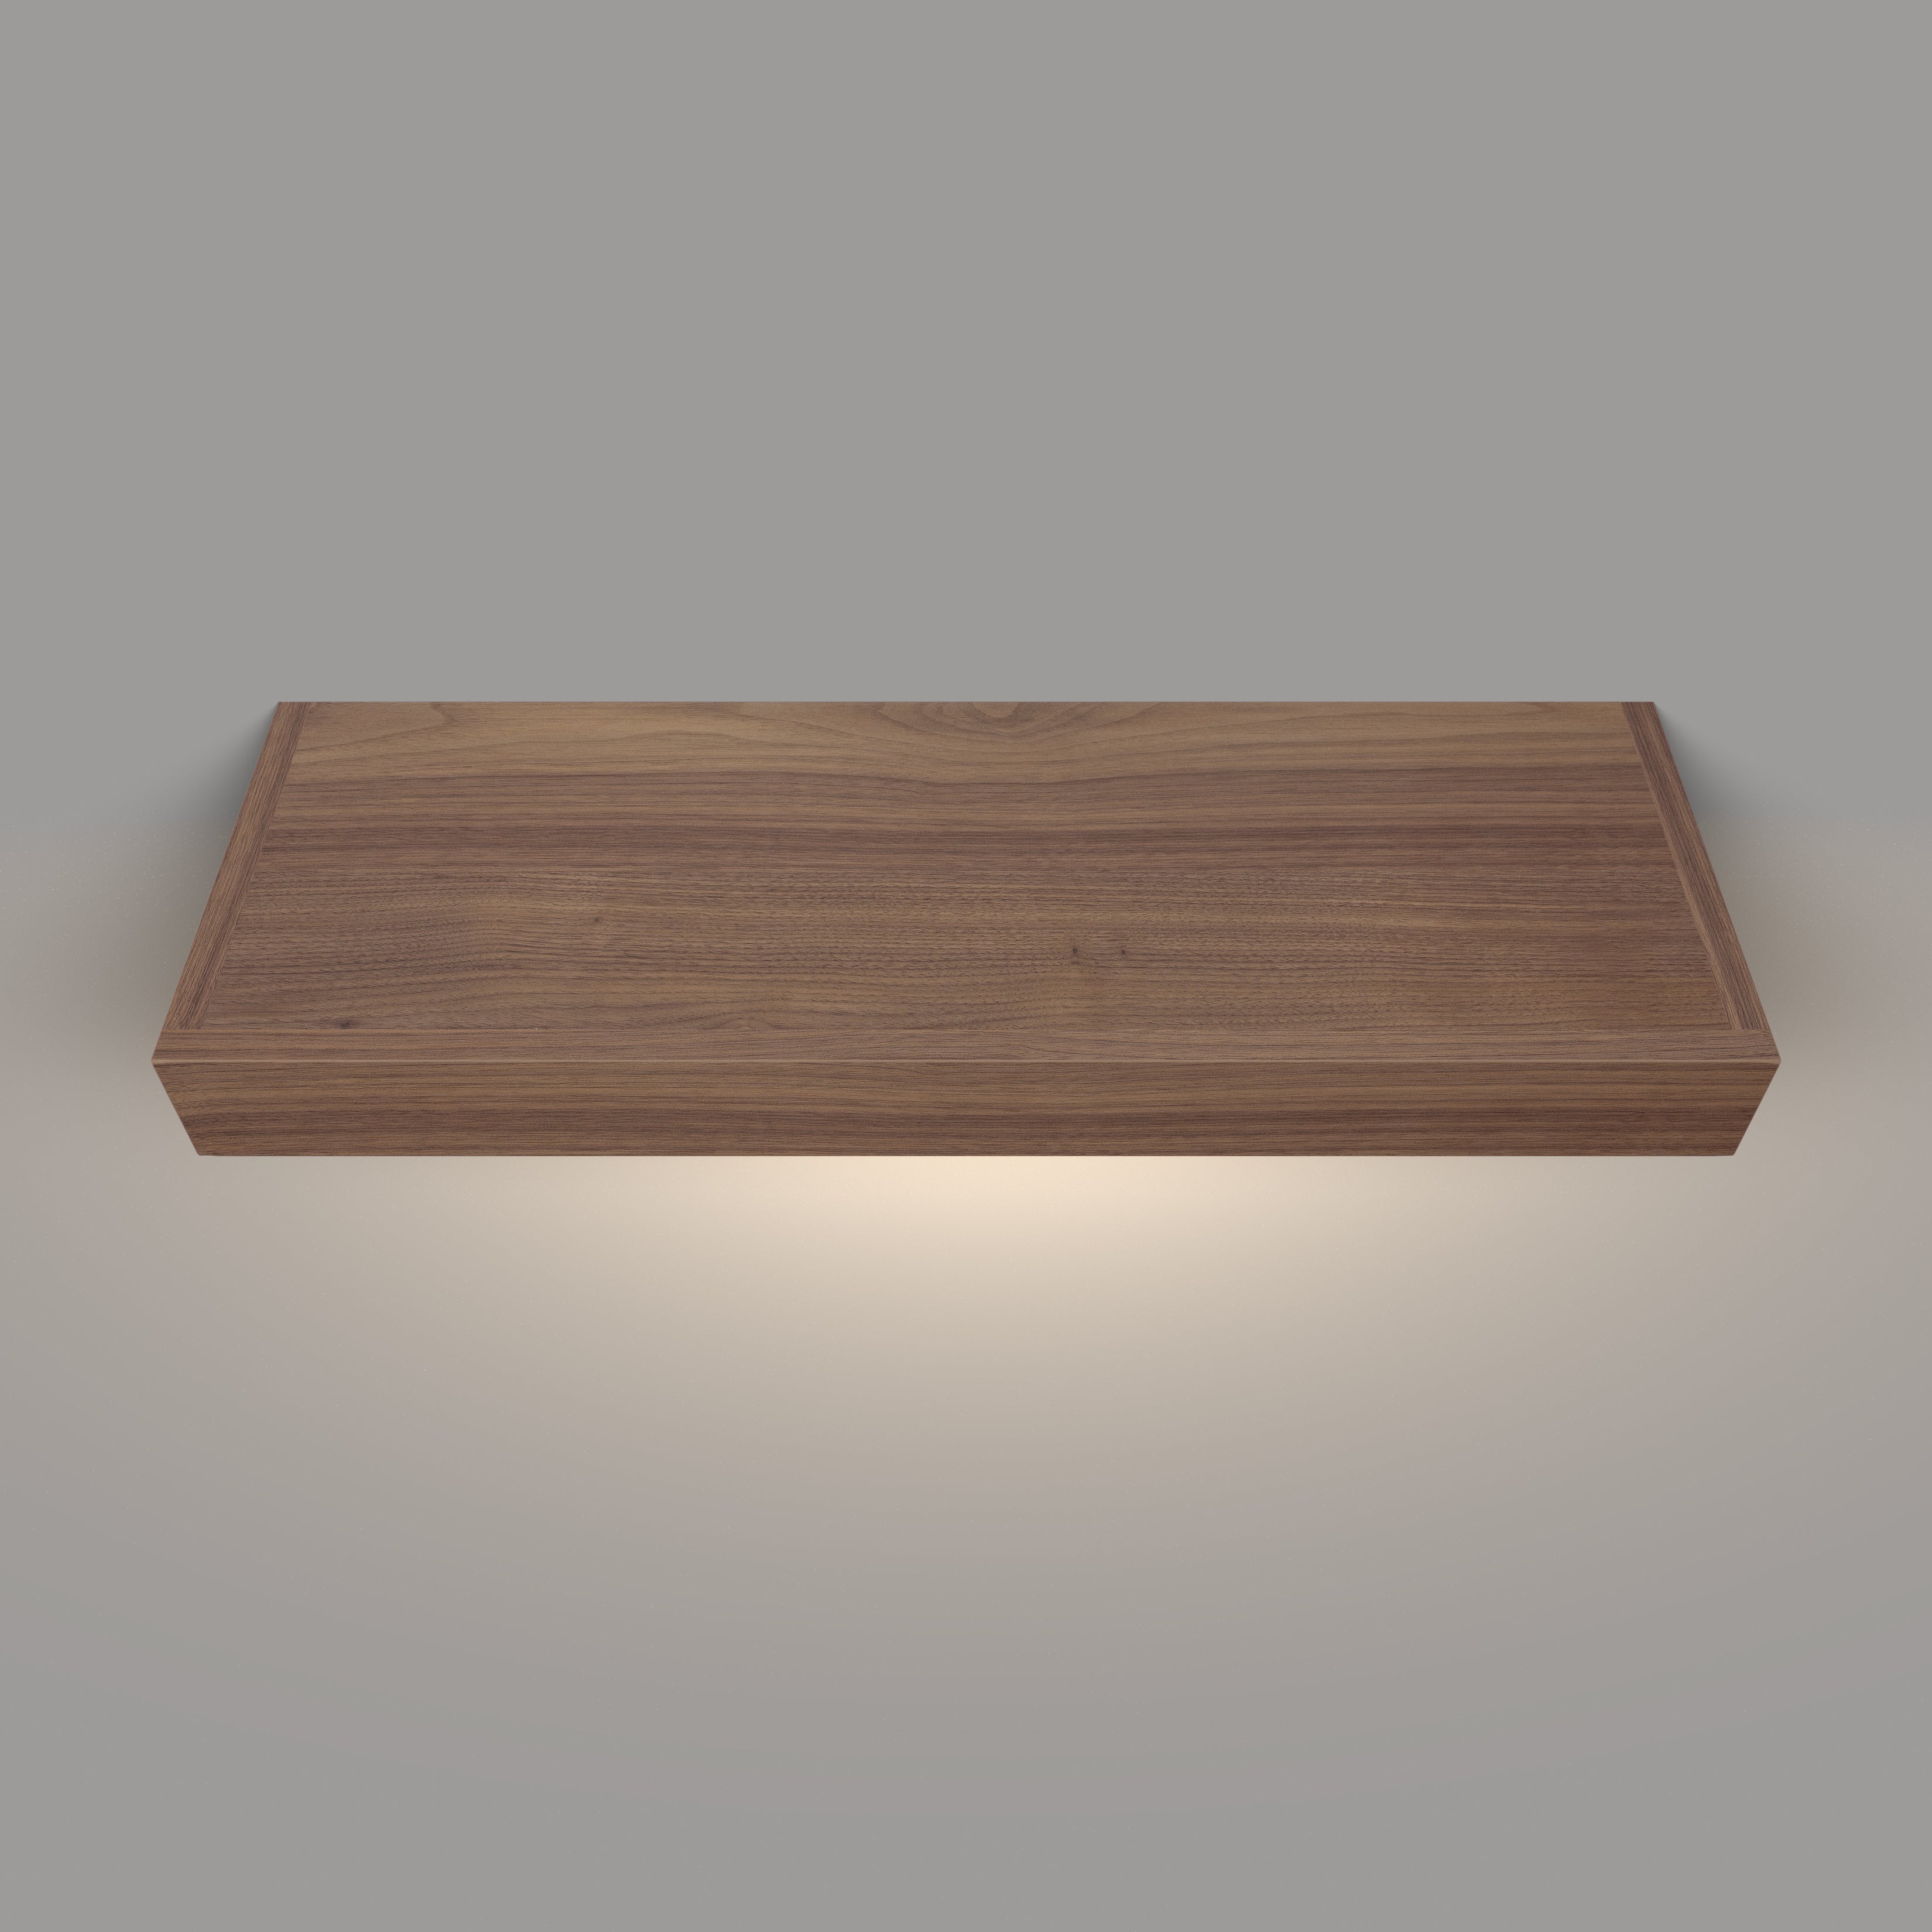 Walnut 3 Inch Thick LED Lighted Floating Shelf - Battery
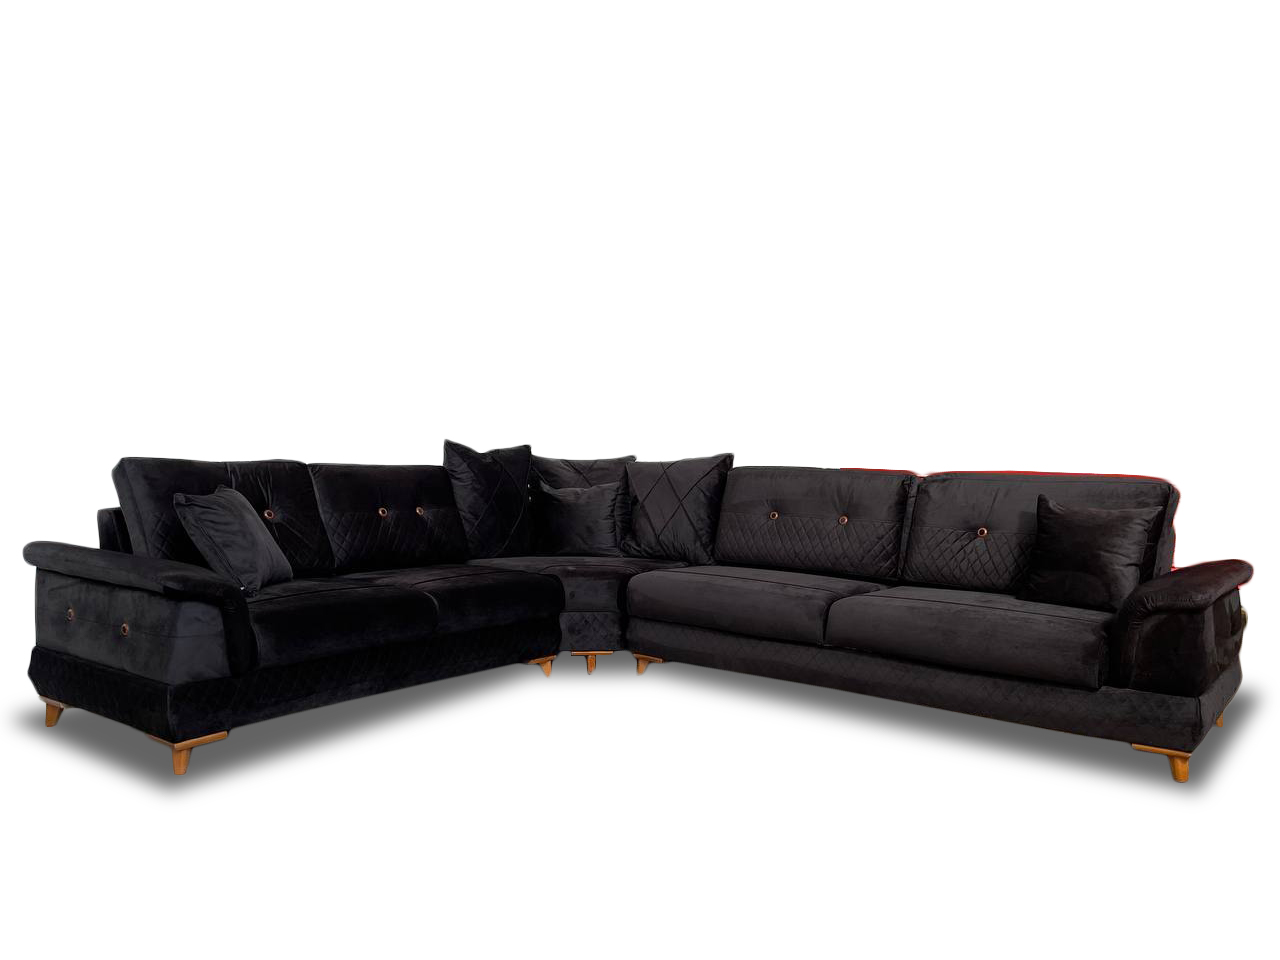 Black BEST STURDY EXTENDABLE CORNER SOFA BED, WITH BEST QUALITY AND LOWER PRICE 
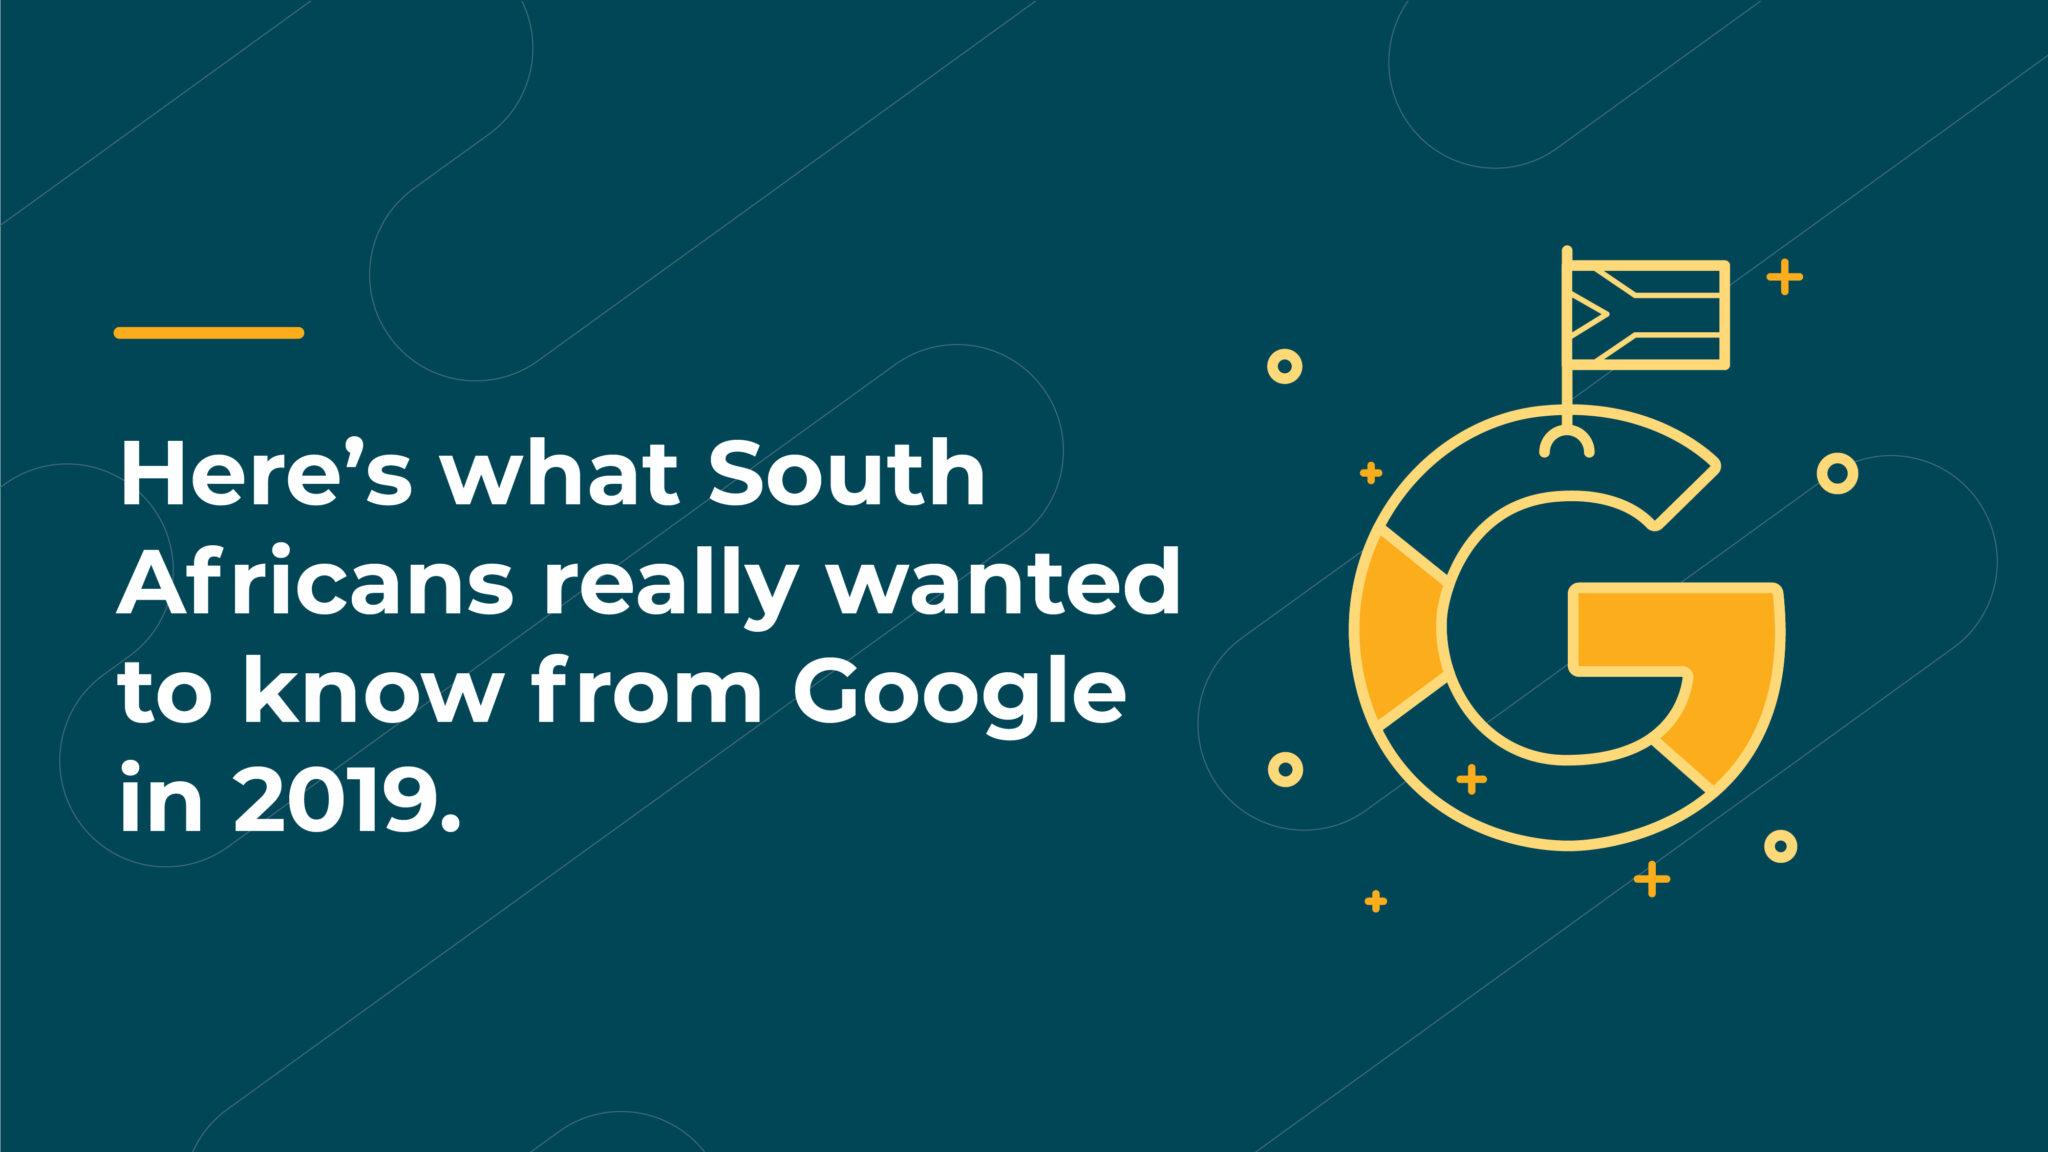 Here’s what South Africans really wanted to know from Google in 2019

_TO DO:_
From the line containing "Black BEST STURDY" to the end of the listing, restate each line word for word and nothing more; the pictures stay out.

_ANSWER TO THIS PROBLEM:_
 Black BEST STURDY EXTENDABLE CORNER SOFA BED, WITH BEST QUALITY AND LOWER PRICE 
 Here’s what South Africans really wanted to know from Google in 2019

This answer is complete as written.